The use of metal-on-metal (MoM) bearing surfaces gained popularity over a decade ago. These articulations were thought to minimize wear and subsequent osteolysis, allow for larger head sizes, and decrease dislocation rates. MoM bearing surfaces also led to the reintroduction of hip resurfacing arthroplasty (HRA), a more bone-conserving procedure, which in the past had performed poorly with metal-on-polyethylene bearing surfaces [8, 35]. At its height, the use of MoM THA and HRA accounted for approximately 35% of all hip arthroplasties with nearly 31% of HRA being implanted in women [36]. A number of studies showed low rates of dislocation and high rates of function with both MoM THA and HRA. However, other publications have shown unacceptably high rates of revision and complications (eg, adverse local tissue reaction [ALTR], osteolysis, etc) [1, 26, 30]. Furthermore, studies have indicated that women experience a higher rate of complications compared with men, particularly after HRA. However, many have speculated this is the result of differences in component sizing. Despite a vast literature describing HRA clinical outcomes, outcomes stratified by gender are limited [2, 4, 11, 12, 14, 16, 36, 38].

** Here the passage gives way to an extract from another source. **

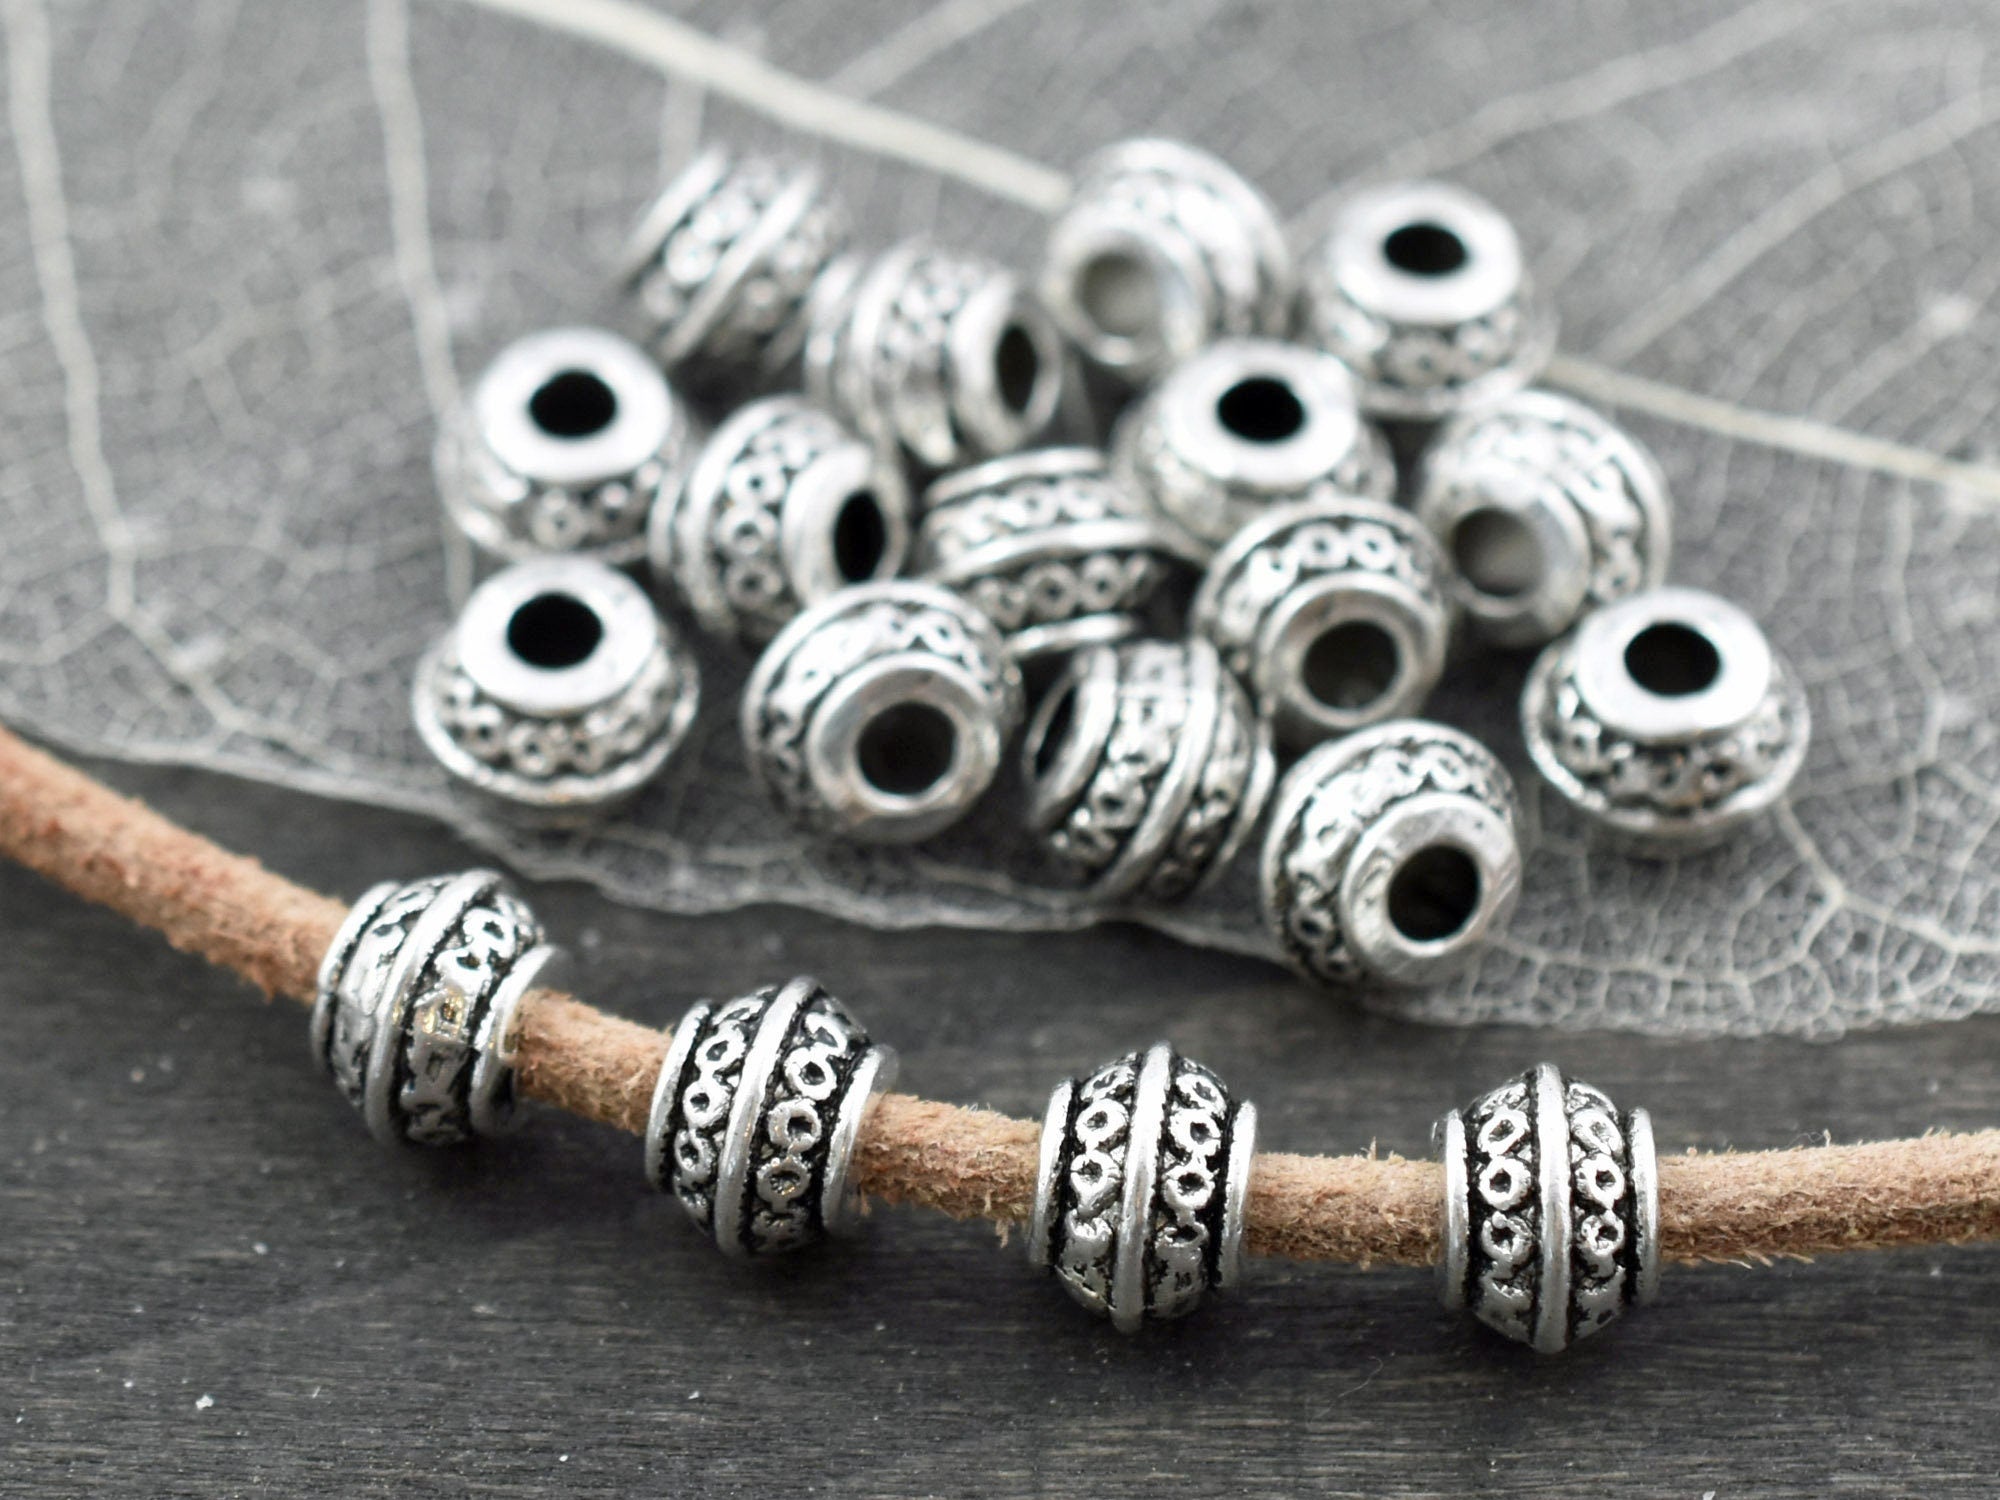 *100* 9x1mm Antique Silver Wavy Disc Spacer Beads Czech Glass Beads by GR8BEADS - The Bead Obsession

Underreporting of gender differences in orthopaedic outcomes is not unique to MoM arthroplasty. Several orthopaedic leaders have stressed the importance of reporting gender differences in orthopaedic studies [22, 24]. Thus, to more fully evaluate the rate of complications after MoM arthroplasty, we sought to perform a systematic review of the literature. A systematic review provides the ideal method to aggregate all available evidence in a rigorous manner, minimizing bias as well as issues surrounding insufficient sample size. It further provides insight into potential directions for new research on the topic.

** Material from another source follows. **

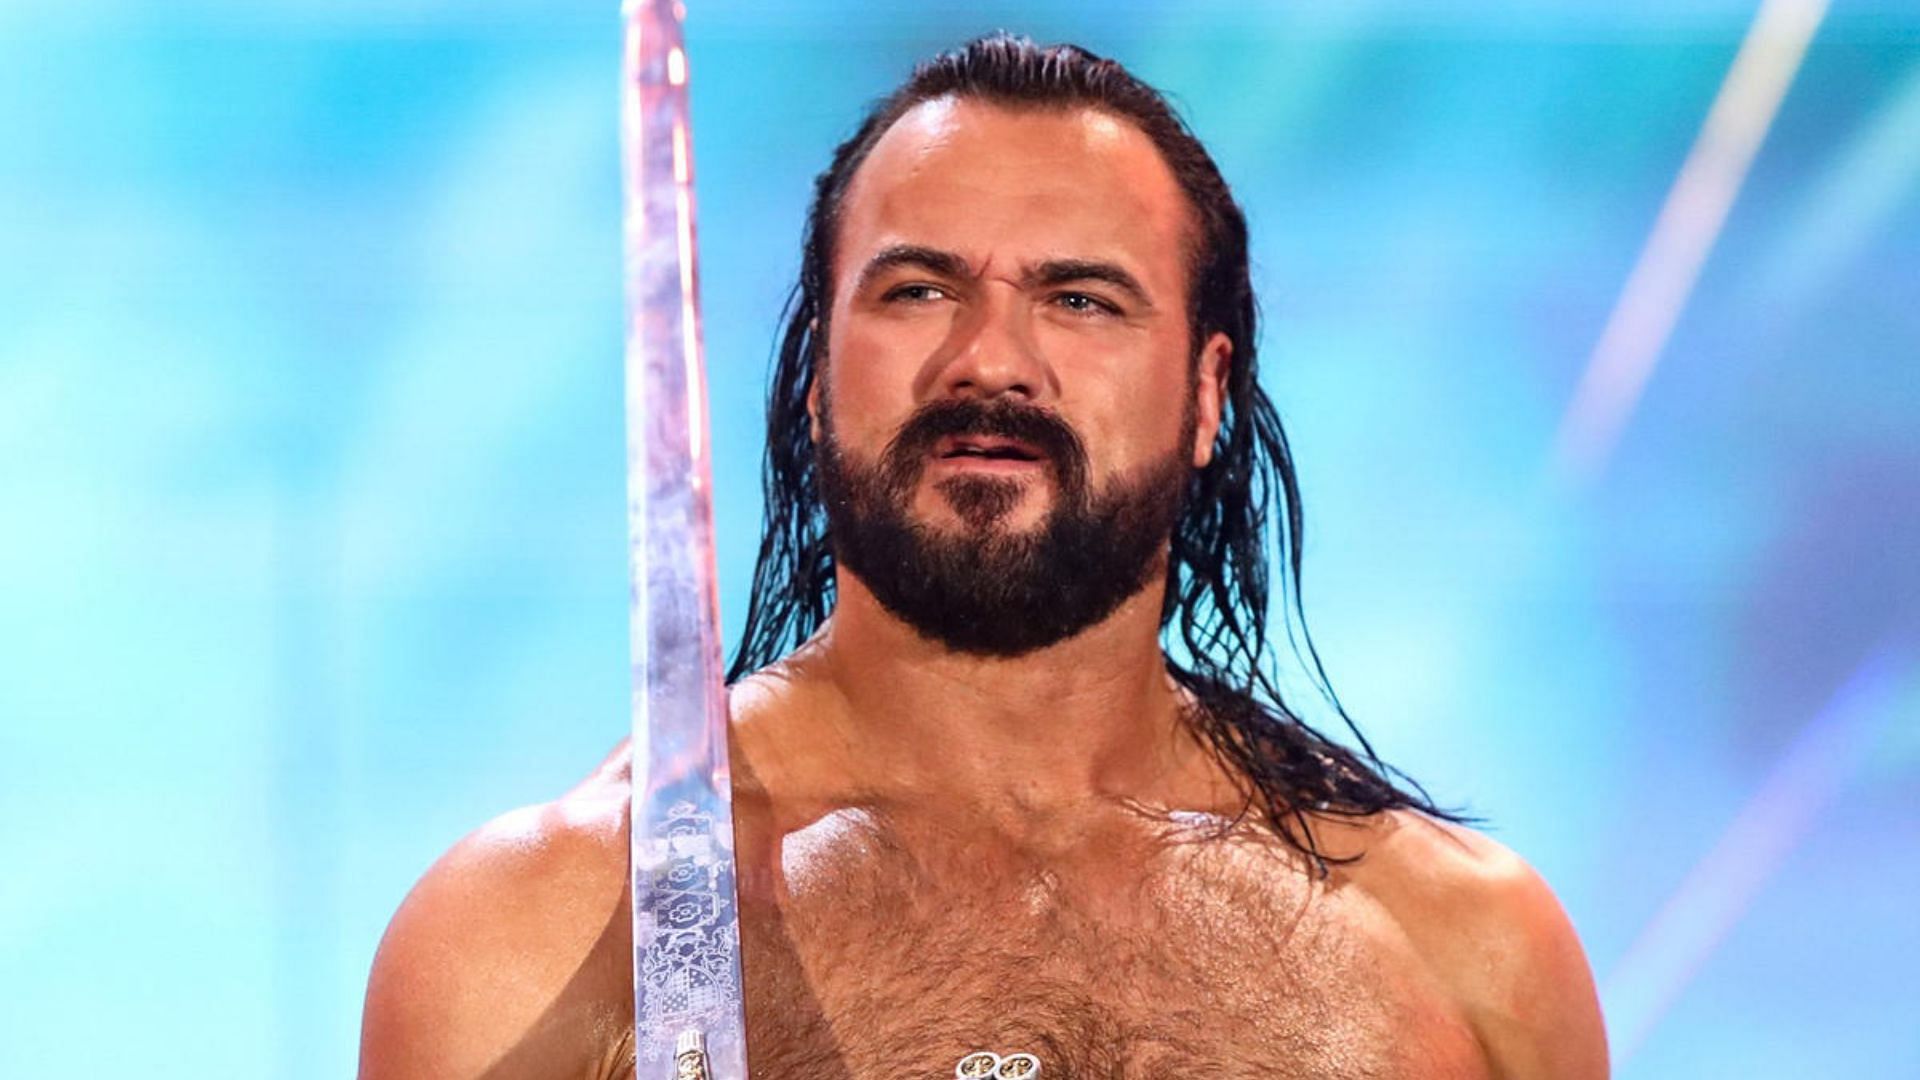 Drew McIntyre has become one of the biggest heels on RAW

The specific aims of our systematic review were to: (1) compare the rate of ALTR; (2) dislocation; (3) aseptic loosening; and (4) revision between men and women undergoing primary MoM HRA.

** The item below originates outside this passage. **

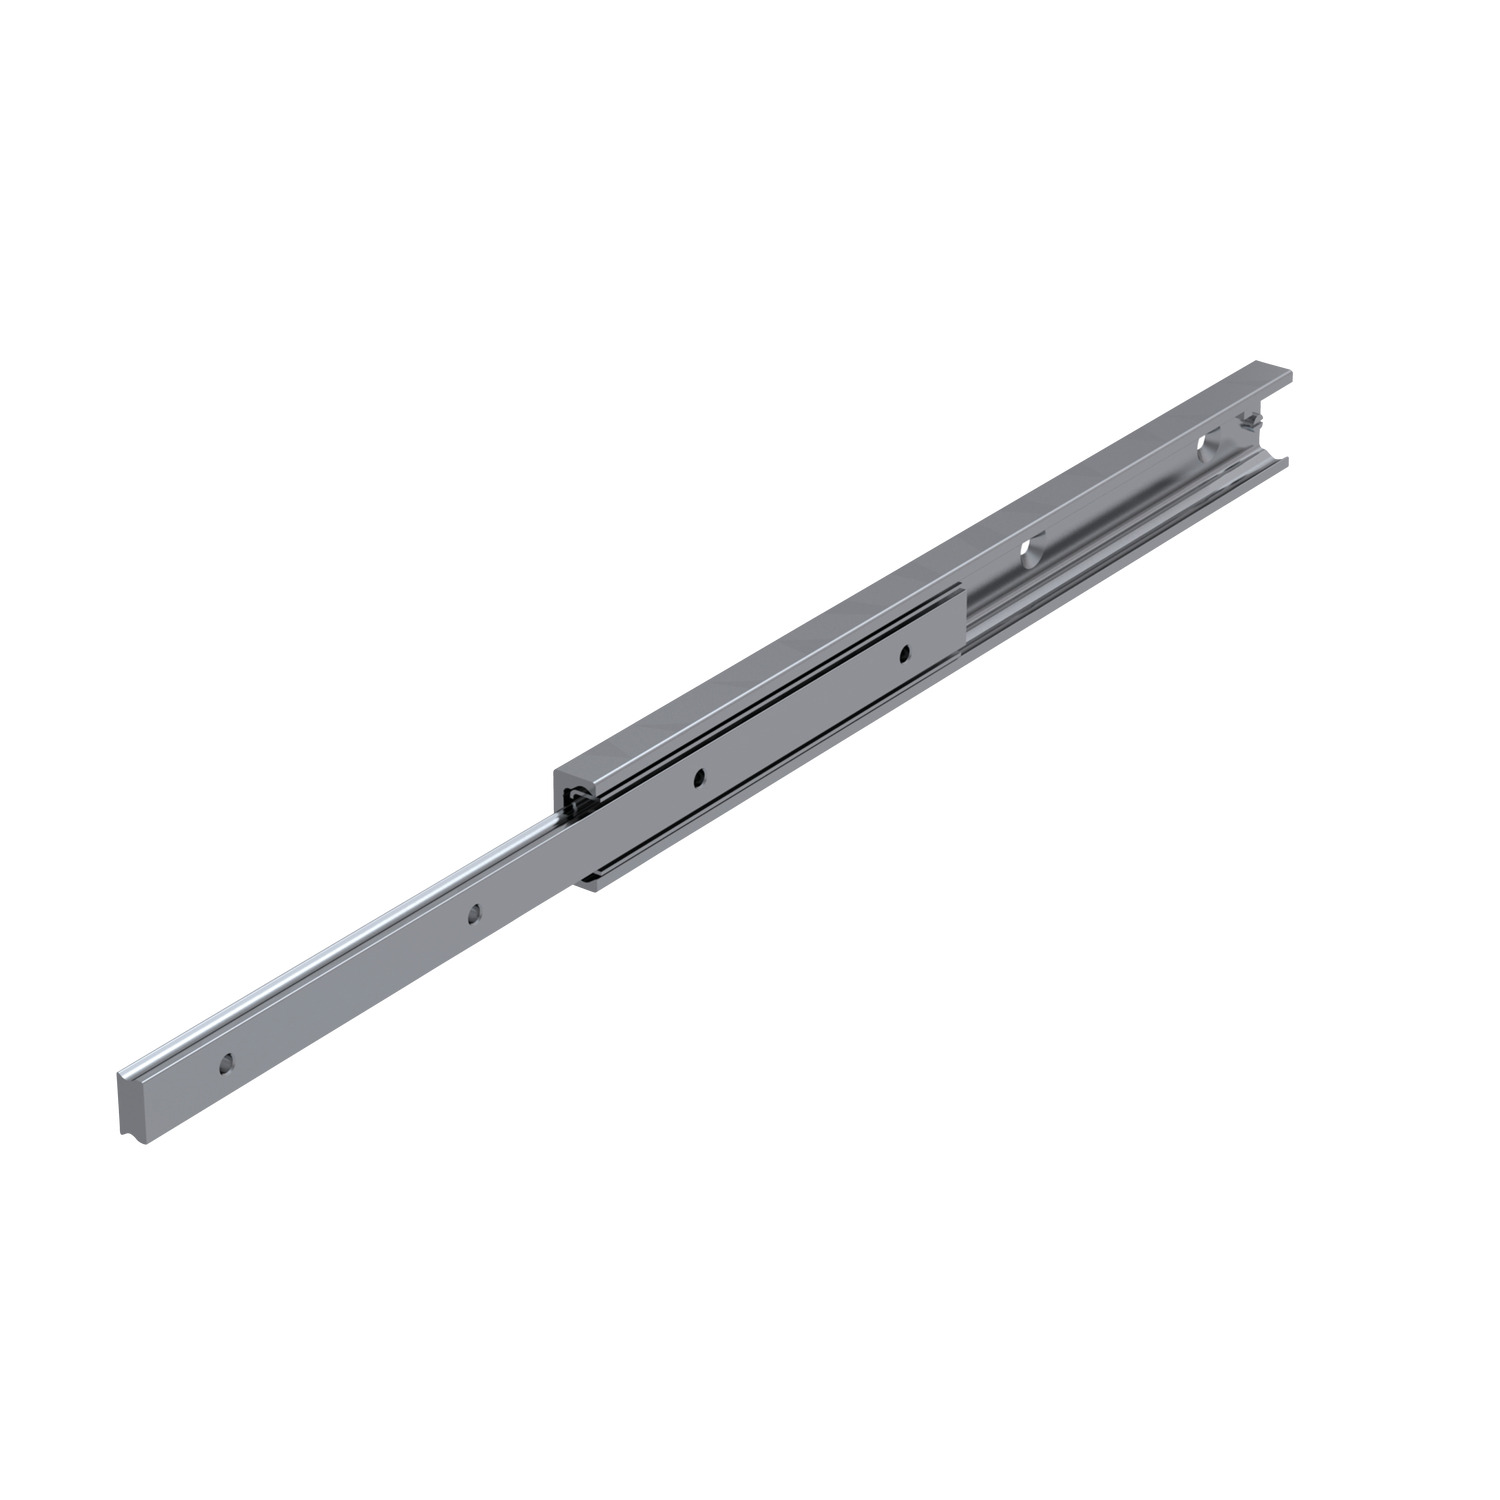 Partially Telescopic Slides Semi-telescopic rails with high load capacitities.

Search Strategy and Criteria

Our original aim was to perform a systematic review of all papers evaluating MoM hip arthroplasty (including both THA and HRA). Thus, a systematic review of peer-reviewed English language literature was conducted using the MEDLINE and EMBASE search engines on July 10, 2014 (Prospero registration number CRD42014012906). Inclusion criteria were levels I to III articles that reported clinical outcomes after primary MoM hip arthroplasty (THA or HRA) with minimum 2-year followup. Articles needed to specifically evaluate for the complications in question (ALTR, dislocation, aseptic loosening, and revision). To be included in the final analysis, outcomes needed to be reported as discrete numbers as opposed to relative risks or odds ratios. Furthermore, outcomes as well as demographic variables needed to be reported specifically by gender for both the treatment and control groups. Exclusion criteria included review articles (such as systematic reviews and meta-analyses), level IV to V evidence, no gender reporting, less than 2-year followup, and previously reported data (ie, duplicate data). In the event of a duplicate subject publication, the article with a greater number of subjects was included. The specific Boolean search term used was: ‘(((“hip resurfacing” OR “hip arthroplasty”) AND (“metal-on-metal” OR “metal on metal”)) AND English [Language])’.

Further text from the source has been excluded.